A ciência do paraquedas – onde pesquisadores de nações ricas chegam para realizar pesquisas sem envolver cientistas locais – é um legado de uma história colonial sombria que continua a ser explorada hoje e que, em última análise, distorce nossa visão da vida na Terra .

Outros estudos recentes que analisam a autoria de artigos científicos expuseram da mesma forma como a ciência do pára-quedas é difundida na pesquisa e geociência de recifes de coral. Sem surpresa, a paleontologia não é exceção.

“Documentar quem está – ou mais precisamente, quais países estão – publicando com âmbar de Mianmar nos permite ver claramente que esse mesmo desequilíbrio é extremamente prevalente neste campo de pesquisa”, acrescenta Dunne.

Apesar dos apelos das sociedades paleontológicas para que revistas científicas não publiquem artigos sobre fósseis em âmbar de Mianmar, e algumas revistas adotando políticas mais rígidas em resposta, o progresso para coibir práticas de pesquisa antiéticas ou ilegais em paleontologia tem sido, em geral, lento.

A análise mais recente descobriu que apenas 2 dos 222 artigos publicados desde 2020 descrevendo fósseis em âmbar de Mianmar detalharam nos métodos complementares como seu espécime foi adquirido legal e eticamente.

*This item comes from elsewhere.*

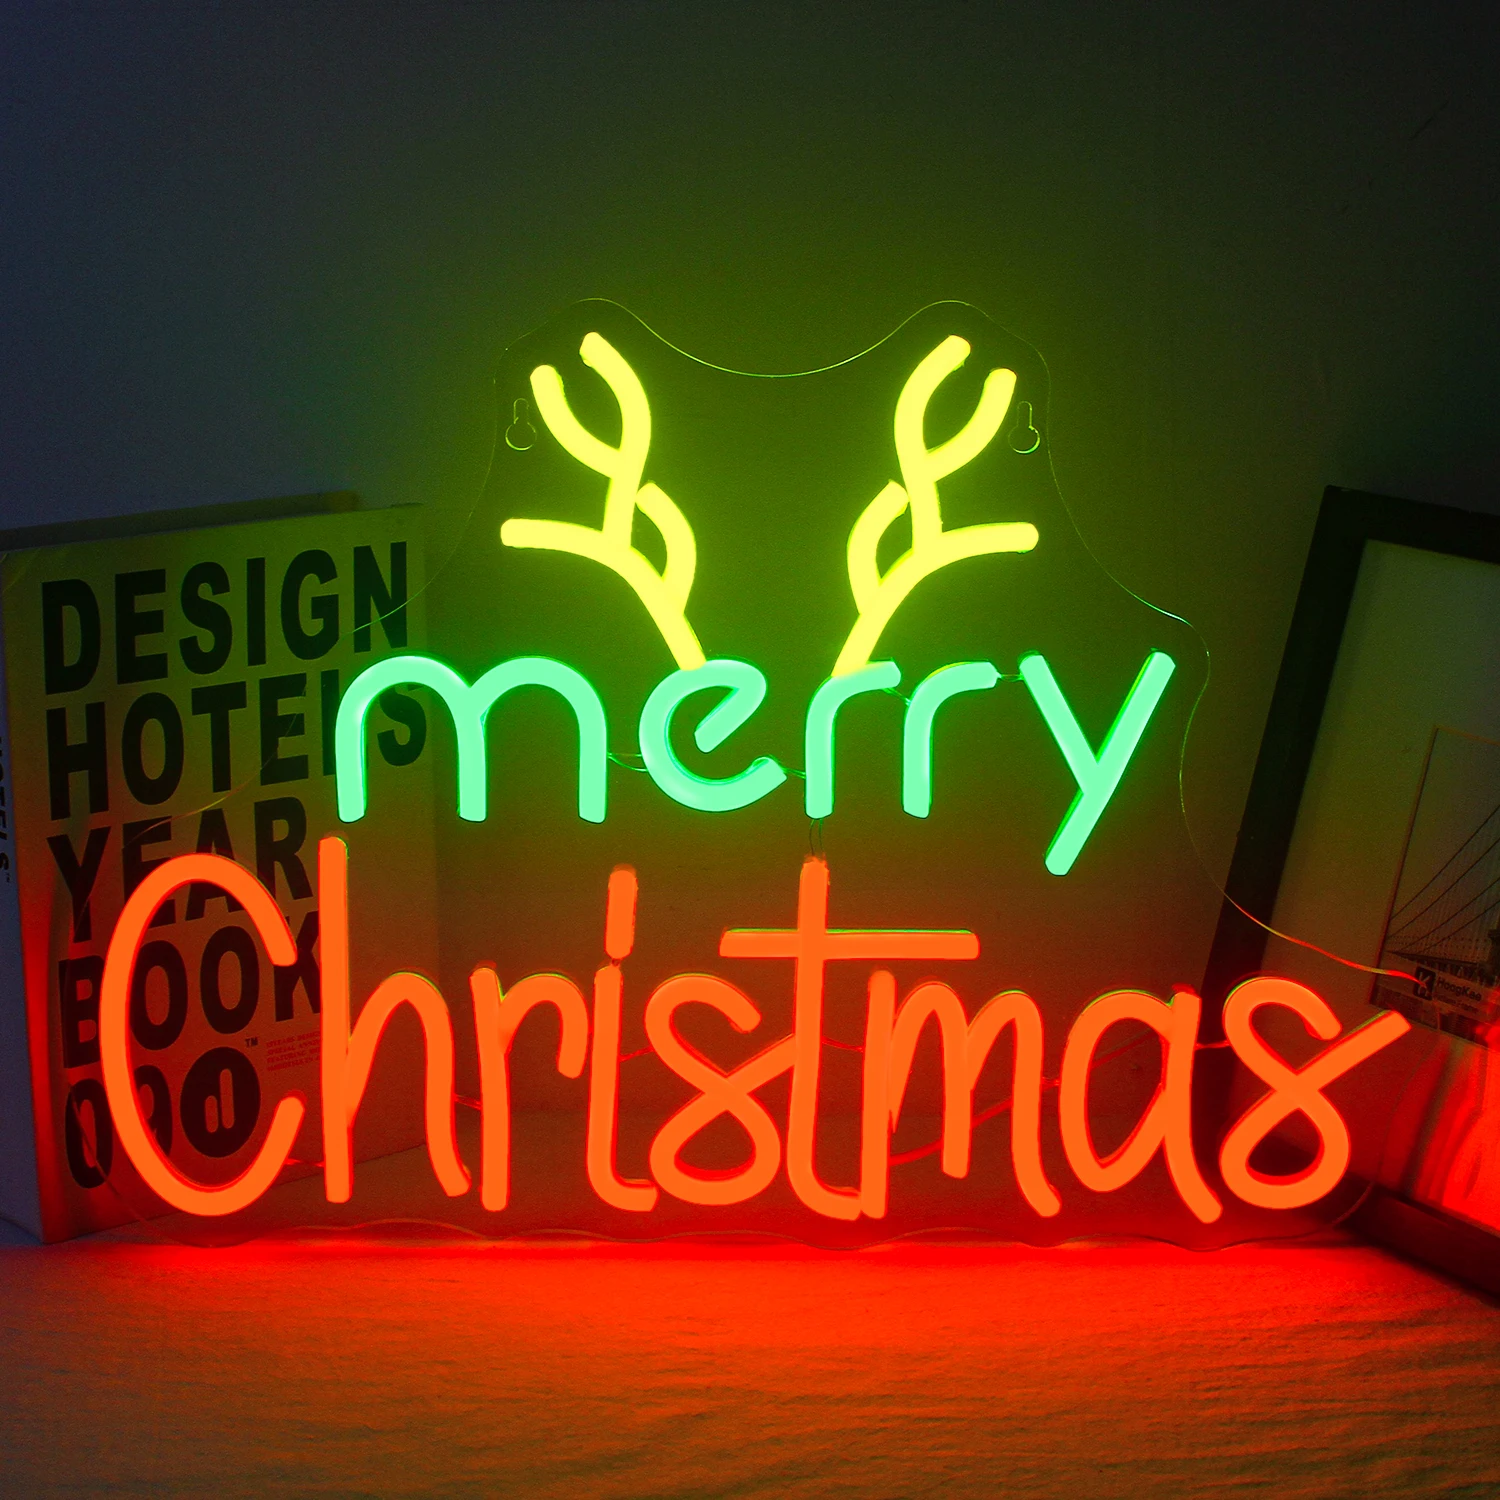 

Merry Christmas Neon Sign Led Santa Hat Neon Lights for Wall Decor Signs for Bedroom Home Party merry christmas Decorations Gift

Embora ver esse tipo de dados possa ser um alerta para alguns pesquisadores, ele é um lembrete sério para outros paleontólogos que estão avaliando o passado colonial do campo e como melhorar seus padrões éticos.

“O âmbar de Mianmar é lindo. Os fósseis lá dentro são impressionantes. Tenho a empolgação e o desejo de estudá-los”, tuitou o paleontólogo da Universidade de Edimburgo, Steve Brusatte , ao ler o estudo. “Mas, para mim, enquanto a guerra continua, nenhum fóssil vale uma única vida humana.”

O estudo foi publicado na Communications BiologyFoi co-autoria de Zin-Maung-Maung-Thein, paleontólogo da Universidade de Mandalay, em Mianmar.